山田洋次監督.jpg 僕は、バリアフリーに関して特別なデータは持っていないが、日本にはバリアフリー映画のための公的な支援が殆どなく、先進国の中で遅れているのは間違いないこと。ボランティアや企業メセナの大変な努力に頼っているのが現実である。

「息子」で日本語字幕を制作

 僕がバリアフリー映画に関心を持ったのは、30年以上前のこと。寅さん(「男はつらいよ」シリーズ)を年2本撮っていて、大変に忙しい時期。親戚に生まれつき耳の聞こえない青年がいて、彼とは筆談でやり取りをしていた。彼が言うには、「近頃、寅さんを見る機会がない。今まではろうあ者用の16ミリを見ていたが、都が予算を打ち切ってしまって、それ以降は洋画を見るしかないが、全部は理解できない。おじさん、努力してくれよ」と。その頃から、バリアフリー映画について考え始めた。でも、字幕を付けるといっても、工夫した字幕でなければ映画を楽しめない。

 そして、1991年に「息子」という映画を作った。三國連太郎さんが父親で、息子が永瀬正敏くん。東京の町工場で働く息子は、和久井映見さん演じる取引先の美しい娘にラブレターを出す。でも、返事をくれない。ダメだと思っていた時、息子は、その娘に耳の障害があることを知る…。当時、前述の甥っ子がFAXを愛用していて、映画にFAXを採り入れた。劇中の若い二人はFAXを使って、電話と同じようなやり取りをする、そんな場面を作った。この映画をなんとか甥っ子に見せなければと思い、プロデューサーと会社に相談。その結果、キリン(福祉)財団が話に乗り、費用を出してくれることになり、ろうあ者用の字幕プリントを作ることができた。それ以降も僕の全作品を支援してくれた。一般の映画館で上映し、見てもらおうと、字幕プリントのスケジュールを決めて新聞に情報を出していった。

「武士の一分」で音声ガイド

 寅さんで九州ロケを行っている時、目の見えない按摩さんが、僕の肩を揉みながら「寅さんのファンです」と話してくれた。聞くと、「目が見えなくても楽しめる。ちゃんと想像できる」と言う。僕は目の悪い人も見てくれているんだと知り、なんとかして音声ガイド付きのプリントを作れないかと思い始めた。

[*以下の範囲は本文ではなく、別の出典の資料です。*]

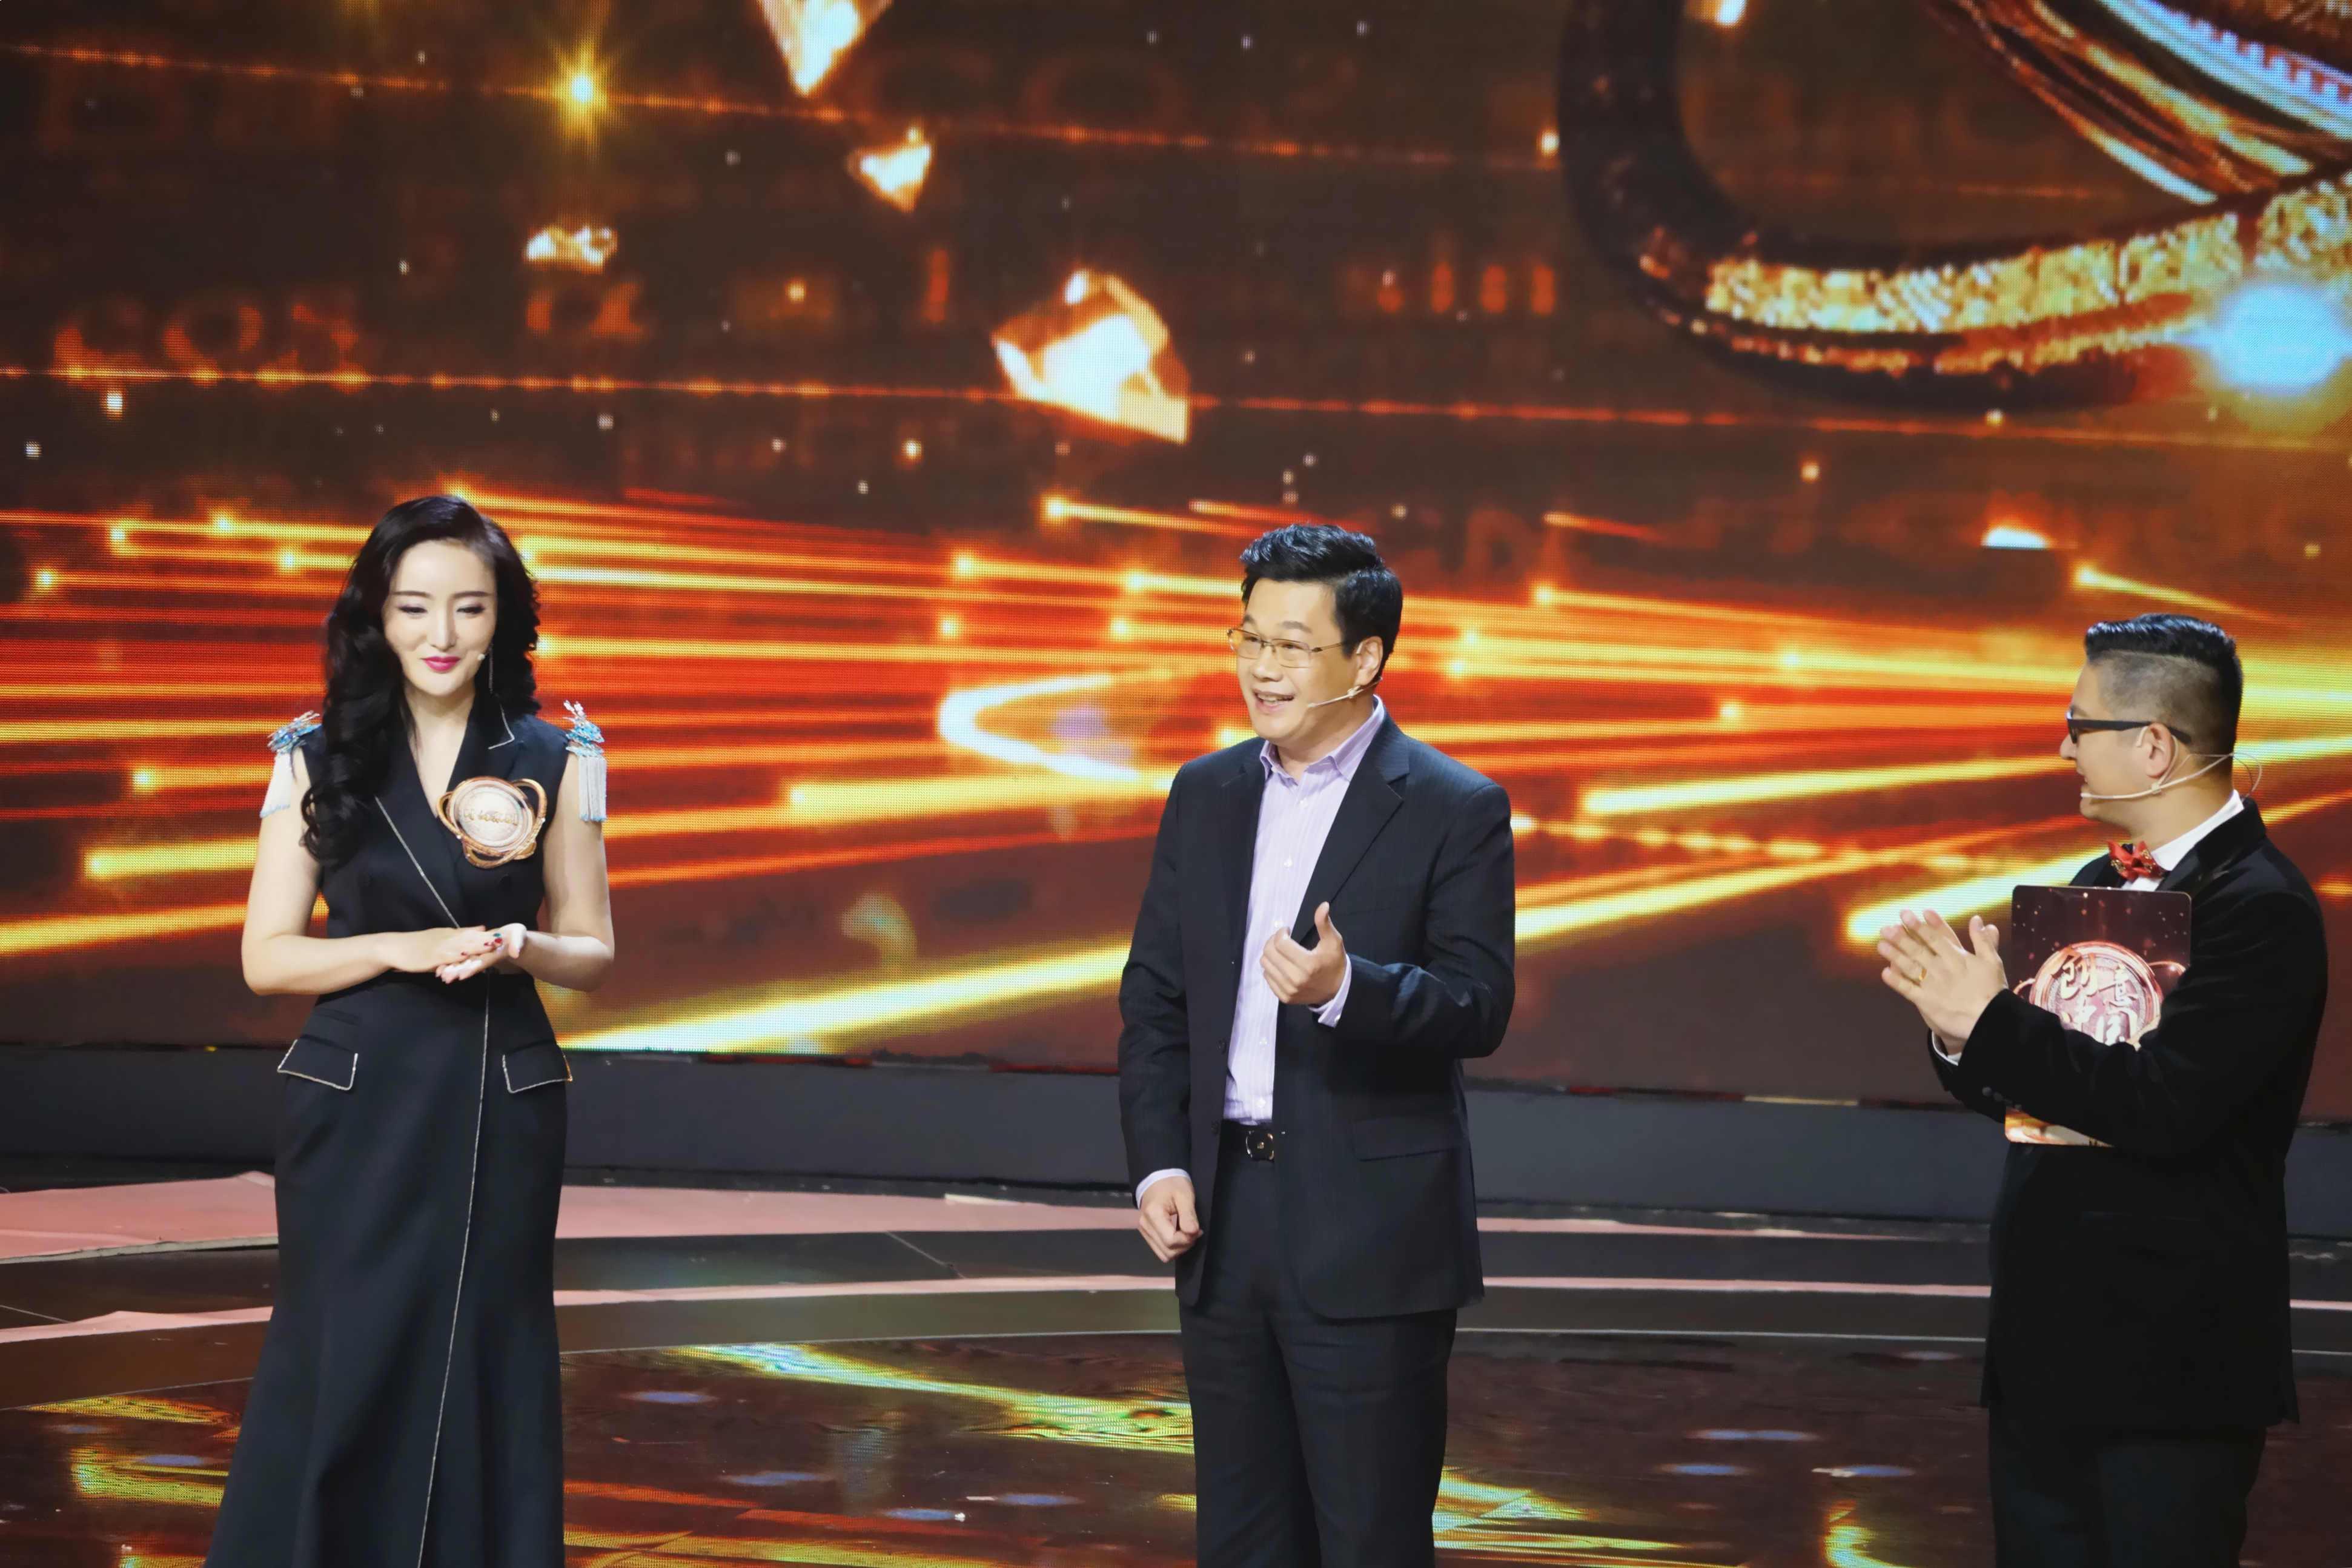 《创意中国》周茂非惊艳亮嗓 与创客唱《智斗》

 2006年12月に「武士の一分」を公開した。木村拓哉くんが演じる下級武士が藩の毒見役で、猛毒にあたって視力を失う。目が見えないまま、藩の仕事をして細々と暮らしていると…というお話。この「武士の一分」で、初めて音声ガイド付きのプリントを制作した。この時もまた企業メセナで、「学校」シリーズから僕の映画の出資社である住友商事が、音声ガイド制作の費用を出してくれることになった。これ以降、「母べえ」「おとうと」と、音声ガイド付きプリントを制作している。

名画のラストシーンにセリフなし

 僕の音声ガイドにまつわる思い出は14、15年前のこと。視覚障害者の集まりが奈良であった。主催者の女性は、映画が大好きで、8歳までは目が見えていたそう。その記憶をよすがに、今も映画を見ている。映画館で映画を見るのは楽しい。客席のざわめき、笑い声、観客が鼻をすする音などを聞きながら、想像するのが楽しみだ、と話してくれた。その人が「でも」と切り出して、「ラストシーンはバリアね」と。つまり、映画のラストシーンには音楽はあっても、セリフがないことが多いので、手も足も出ないと。でも、「『幸福の黄色いハンカチ』はわかった」と言ってくれた。何故かと問うと「だって、旗の音がしたでしょ。たくさんのハンカチが翻っているのがわかって、感動した」と。名画と呼ばれる映画のラストシーンは、確かに、無言の場合が多い。

技術の進歩を大歓迎

 技術面の研究開発が進んできて、今はヘッドマウントディスプレイという機械がある。これをかぶると、目の前に字幕が浮かぶ仕組みであり、こういう開発が進むのは素敵なこと。前述したとおり、甥っ子の影響により「息子」でFAXを採用して、僕の家にもFAXを入れた。甥っ子は、近年はパソコンのメール、ケータイのメールを使い、彼の妻もろうあだが、子どもとも会話ができている。技術の進歩は、手放しで嬉しい。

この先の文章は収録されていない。